Unlocking Geeky AI Magic: Transforming Video Transcriptions into Smart Assistance with Amazon Transcribe and Amazon Q

Esteban
AWS in Plain English
10 min readMay 5, 2024

--

Ever been glued to a video, craving a brain boost? Or stuck in a marathon meeting, wishing for a summary guru? Meet Amazon Transcribe and Amazon Q — your dynamic duo for turning video and audio into actionable text and transforming it into smart assistance.

In this article, we’ll geek out on how Amazon Transcribe decodes spoken words into written magic, setting the stage for Amazon Q to swoop in as your personal wizard. Whether you’re geeking out on videos or decoding meeting madness, Amazon Q is your trusty sidekick.

Let’s geek the world of Amazon Transcribe and Amazon Q, unleashing a new era of brainpower and productivity. It’s time to harness the AI magic for a smarter, simpler life.

Prerequisites:

Before we embark on our geeky adventure, let’s ensure we have our AWS playground set up.

  • If you haven’t already, create an AWS account and familiarize yourself with the AWS Management Console.
  • Make sure you are familiar with the concept of IAM, Roles, S3 Bucket storage, Lambda and CloudWatch. I know this is not the fun part, but it will help a lot if troubleshooting is needed.

Step 1 -Creating an S3 Bucket

Our journey begins with creating two S3 buckets to store our precious MP4 videos, and the output of the AWS Transcribe job.

Head over to:

  • S3 Management Console
  • Click on “Create Bucket”
  • Follow the prompts to set up your buckets.

Note: Don’t forget to choose a unique name and select the appropriate region.

I will call my buckest:

Step 2 — Create a Lambda Function

Navigate to the Lambda Management Console, the sacred grounds where Lambda functions are forged in the fires of cloud computing.

  • With determination in your heart, click “Create function” button, ready to embark on your journey into the realm of serverless computing.
  • Bestow upon your creation a name worthy of its destiny, a name that shall echo through AWS history.
  • As you stand at the threshold of innovation, select the Python runtime, the language through which your Lambda function shall channel its magic.

We shall craft a Lambda function primed to respond to an S3 event trigger, specifically targeting the arrival of fresh video/audio files in a designated directory within an S3 bucket.

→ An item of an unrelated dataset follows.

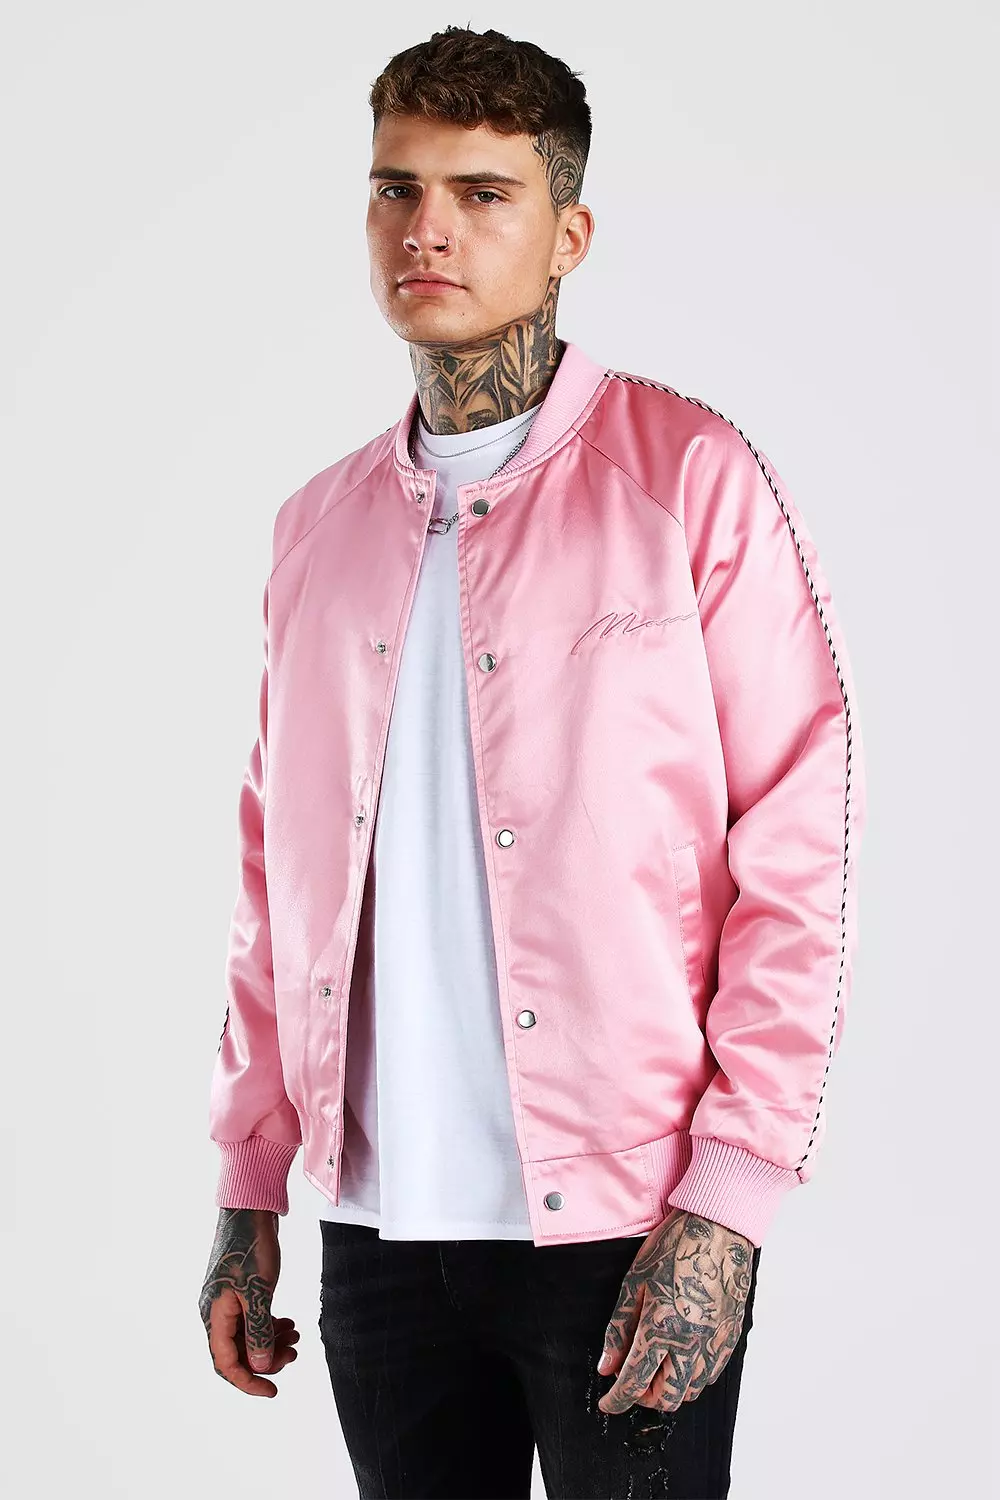 Satin Bomber Jacket With Chest Man Embroidery

Upon detection of a new file, it shall initiate a workflow to transmute the video/audio content therein into textual form via Amazon Transcribe. The resultant transcript shall be diligently preserved in an alternate bucket, ready for subsequent utilization or scholarly dissection.

I dont know for how long I am going to keep the geekiness.

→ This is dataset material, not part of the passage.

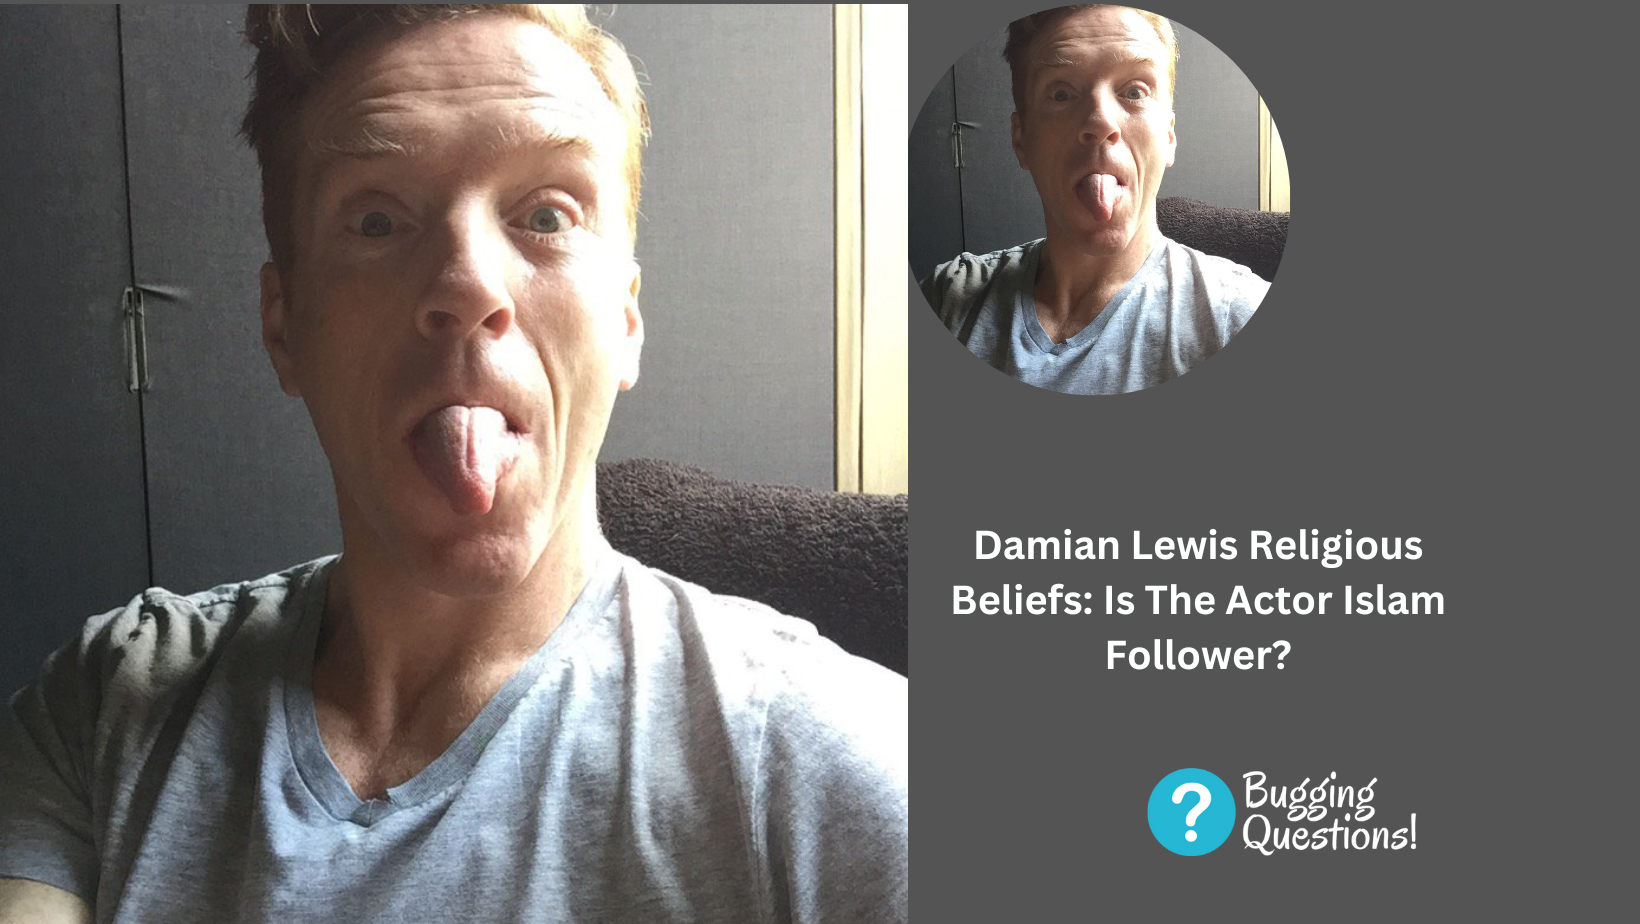 Damian Lewis Religious Beliefs: Is The Actor Islam Follower?

Basically, we will create a Lambda function that will be trigger by an S3 event for new video/audio files uploaded to S3. When a new file is detected, it starts a process to convert the video/audio content of the file into text using Amazon Transcribe. The resulting text is then saved to a different bucket for further use or analysis.

import json
import boto3
import urllib.parse
import uuid

def lambda_handler(event, context):
# Retrieve the S3 bucket and key from the event
bucket_name = event['Records'][0]['s3']['bucket']['name']
object_key = urllib.parse.unquote_plus(event['Records'][0]['s3']['object']['key'])

# Check if the object is in the "videos_to_transcript" folder
if not object_key.startswith('videos_to_transcript/'):
return {
'statusCode': 200,
'body': json.dumps('Object is not in the "videos_to_transcript" folder. Skipping.')
}

# Initialize the Amazon Transcribe client
transcribe = boto3.client('transcribe')

# Generate a unique job name for the transcription using a UUID
job_name = str(uuid.uuid4()) + '-transcription' # Append '-transcription' to the UUID for clarity

# Define the S3 URI for the video file
media_uri = 's3://' + bucket_name + '/' + object_key

# Define the S3 bucket name to save the transcription output
output_bucket = 'myvideotranscriptsbucket'

# Start the transcription job
response = transcribe.start_transcription_job(
TranscriptionJobName=job_name,
Media={'MediaFileUri': media_uri},
MediaFormat=object_key.split('.')[-1], # Extract the file format
LanguageCode='en-US', # Specify the language of the audio
OutputBucketName=output_bucket, # Save the transcript to the specified bucket
Settings={
'ShowSpeakerLabels': False # Disable speaker labels
}
)

return {
'statusCode': 200,
'body': json.dumps('Transcription job started successfully.')
}

Let’s break the function down:

  1. Trigger: This Lambda function is triggered when a new file is uploaded to an S3 bucket.
  2. Initialization: When triggered, the function retrieves information about the uploaded file, such as its bucket name and object key.
  3. Check: It checks if the uploaded file already exists. If it’s not, the function skips processing the file.
  4. Transcription: If the file is in the correct folder, the function generates a unique job name and starts a transcription job using Amazon Transcribe. This job converts the audio content of the file into text.
  5. Output: By default, the function saves the transcription output (the text) into the same bucket where the original audio file was uploaded. However, in this modified version, it saves the transcription output to a different bucket named “myvideotranscriptsbucket”.
  6. Response: Finally, the function returns a success message indicating that the transcription job has been started successfully.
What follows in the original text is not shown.